Convaincre d’abord les enseignants et les responsables (directeurs d’école, principaux, proviseurs) qu’une vraie rencontre entre les élèves et le spectacle théâtral, une rencontre préparée, accompagnée, exploitée, peut-être un moment fort dans leur formation et non une récréation tournant souvent au chahut. Et, bien sûr, augmenter les crédits permettant ces rencontres, le déplacement du jeune public vers de vraies salles de théâtre avec la magie dont le théâtre a besoin (lumières, acoustique, décors…).
Ne faudrait-il pas, aussi privilégier un théâtre plus facile d’accès, plus contemporain, plus proche des réalités martiniquaises ? Un théâtre créole et en longue créole?
Sans doute, mais, je n’ai aucune envie d’un ghetto culturel. Au « Poutyi pa téat » le souci de présenter des pièces martiniquaises s’est traduit par la création de « Man chomil » de G. Mauvois, de « Mango » de Placoly, prochainement ce sera « Bef douvan » de Th. Léotin. Ceci dit, notre première pièce fut « Les fusils de la mère Carcos » de Brecht et nous avons joué Molière. Je pense que le public, ici comme partout a besoin de diversité et de qualité.
Comment voyez-vous l’avenir du théâtre en Martinique?

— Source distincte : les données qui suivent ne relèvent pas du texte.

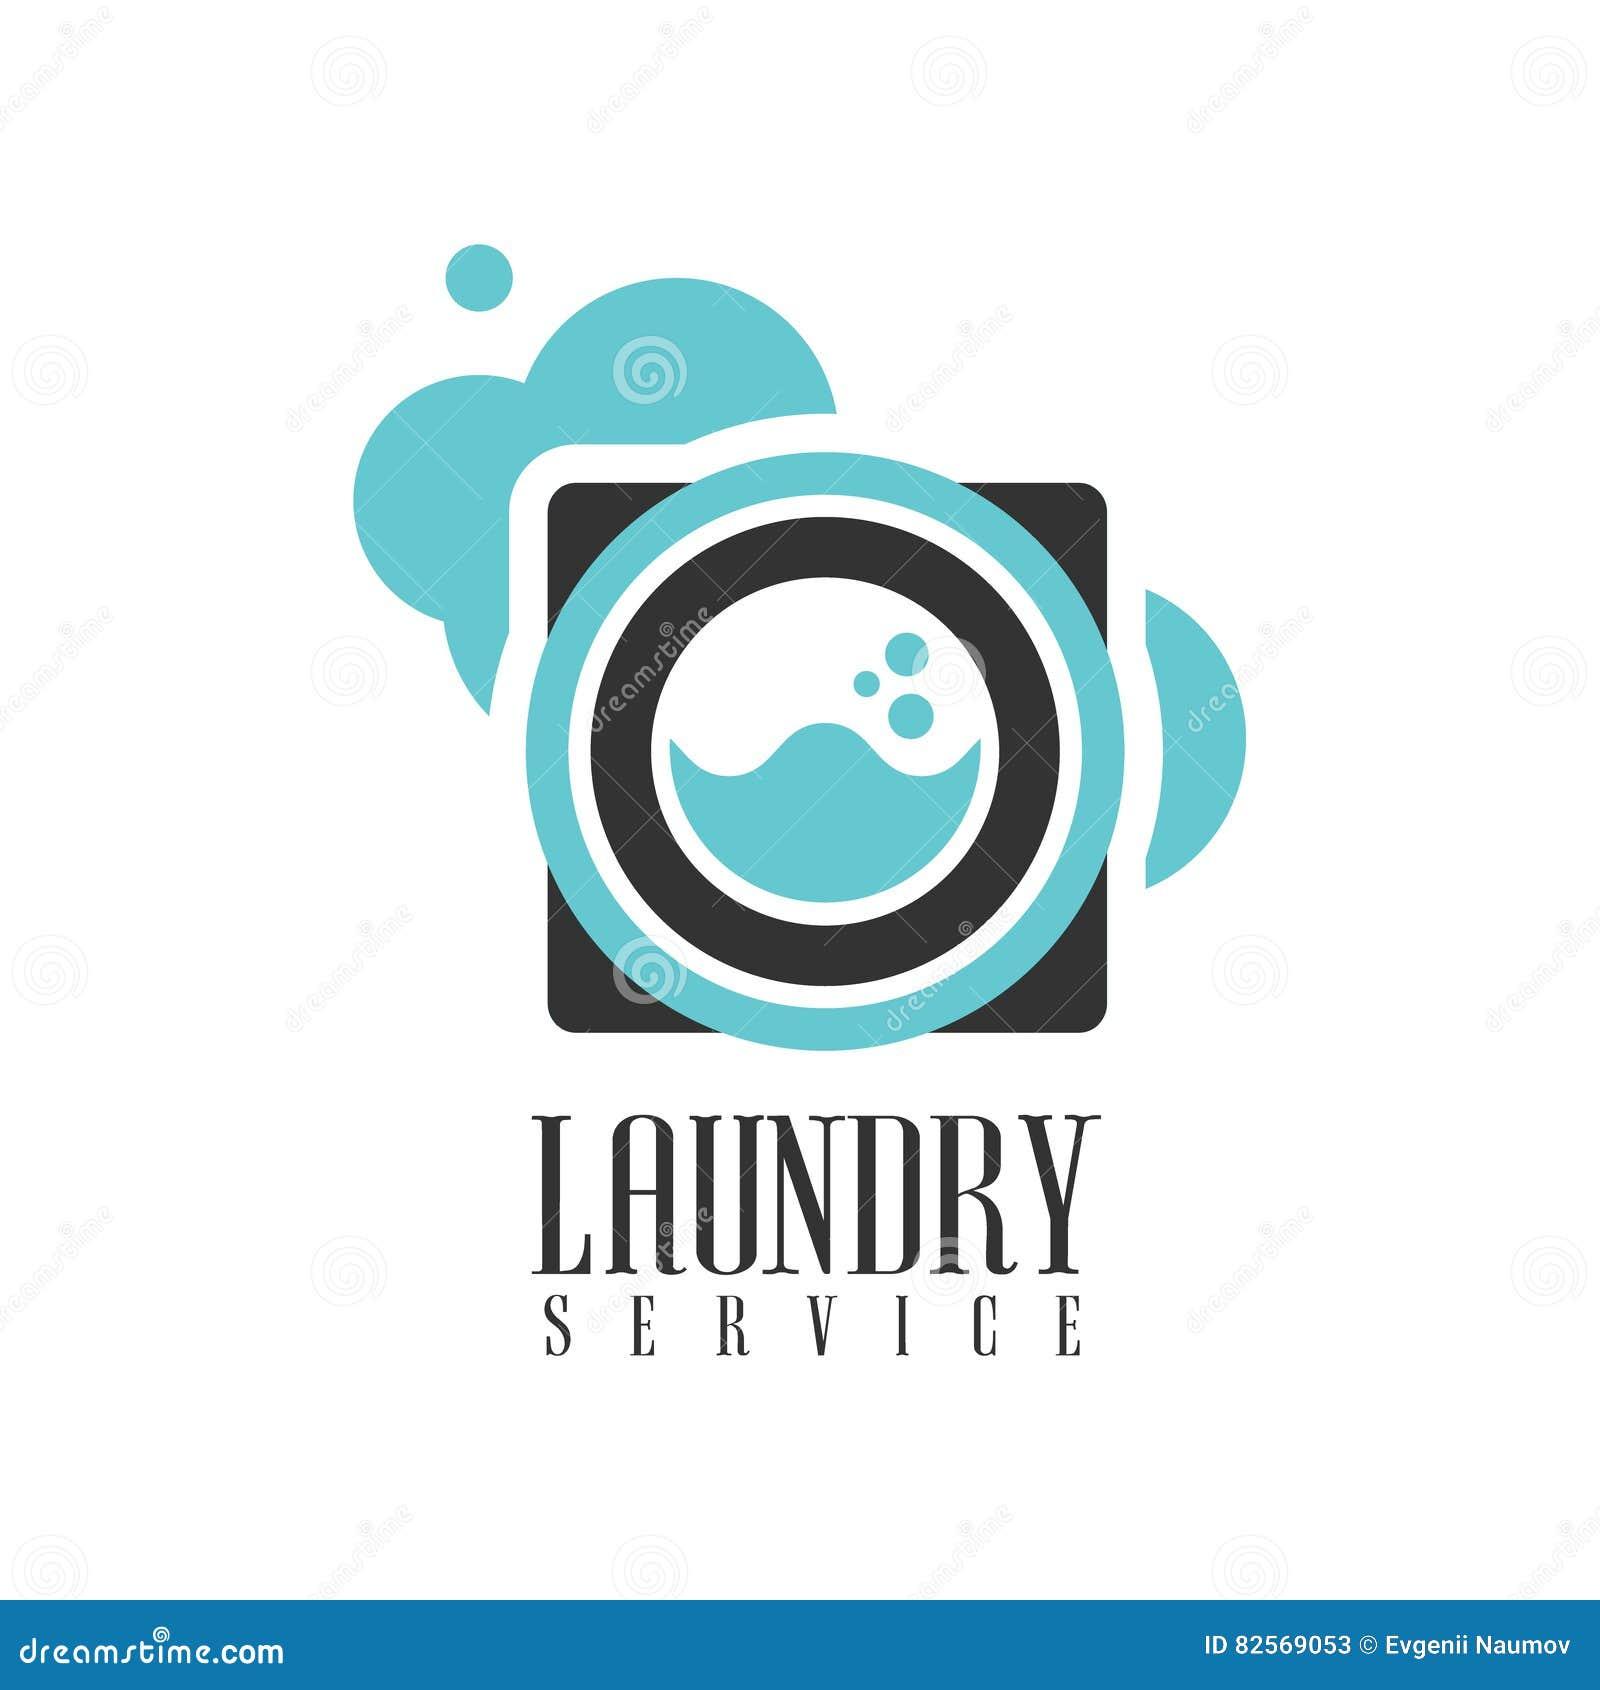 Haus-und Büro-Reinigungs-Service-Miete Logo Template With Washing ...
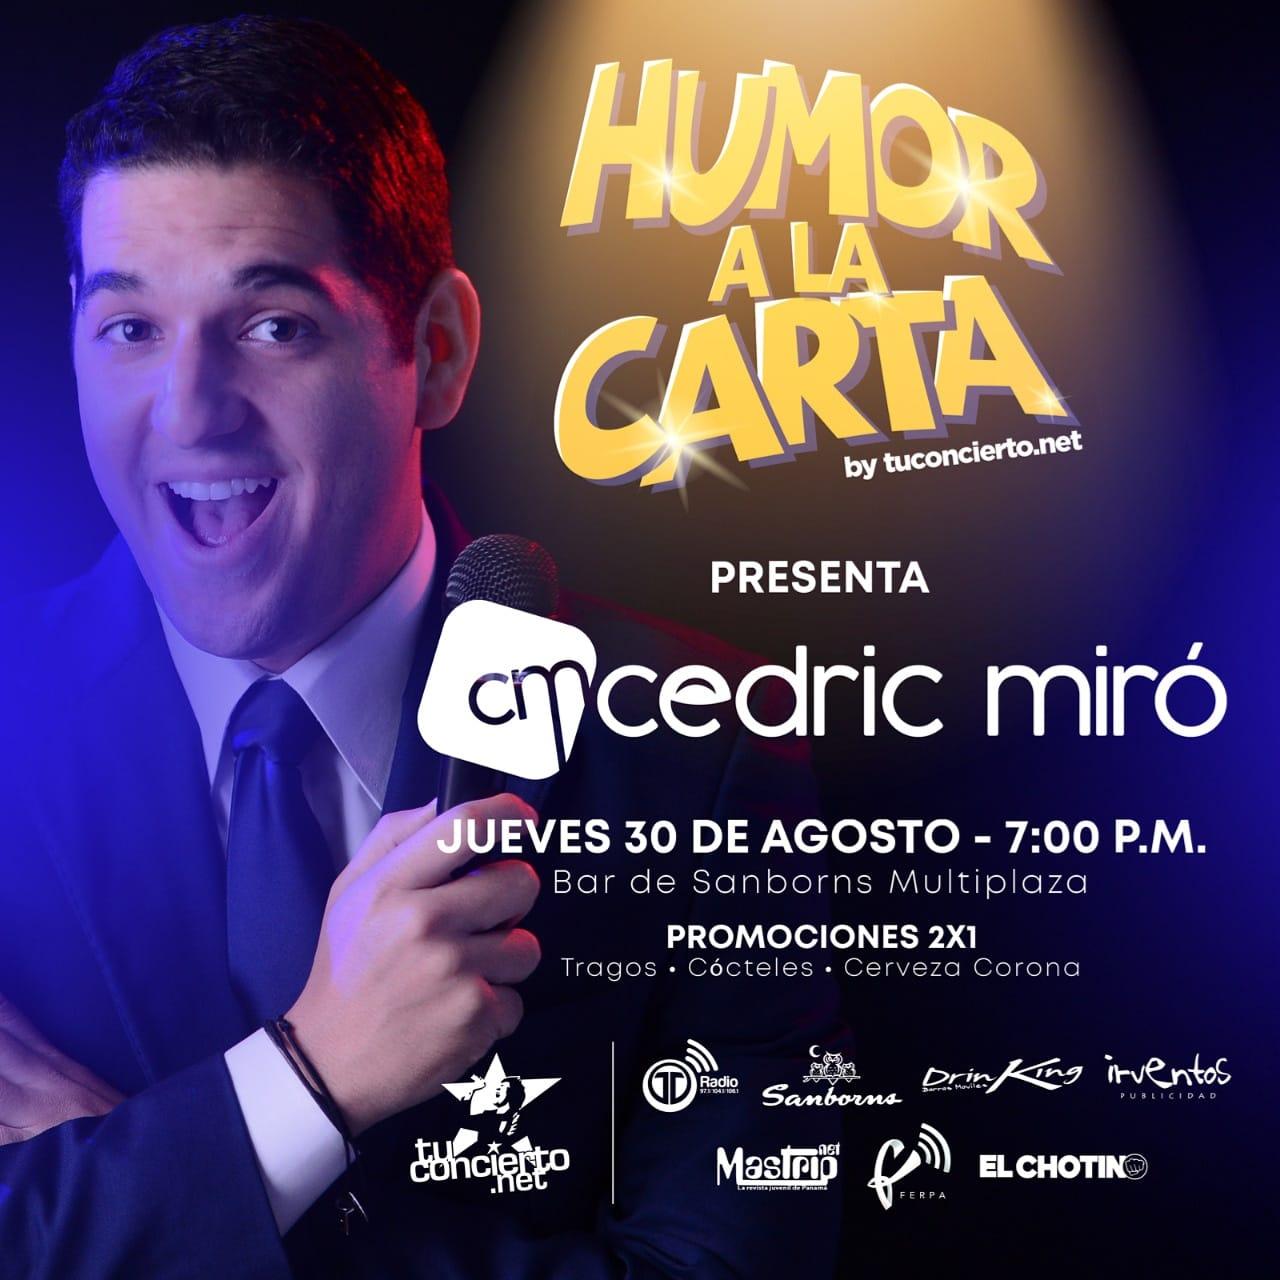 Photo of Humor a la Carta by @tuconcierto presenta a 'Cedric Miró'

On devrait pouvoir être optimiste, à Fort-de-France, il y a le CDRM, le CMAC Scène Nationale, le Centre Culturel Départemental, le SERMAC, plusieurs troupes de théâtre en commune, des efforts sont faits, à Trinité, au Marin.
Et pourtant?
Pourtant, la dynamique qui devrait en résulter ne me paraît pas suffisante. Il faudrait une synergie. Le plus souvent les projets, les programmes se font en ordre dispersé, parfois en concurrence. Le théâtre, bien sûr, c’est une affaire de passion, de création, c’est une affaire d’artistes. Mais, il a besoin de cohérence et de simplicité.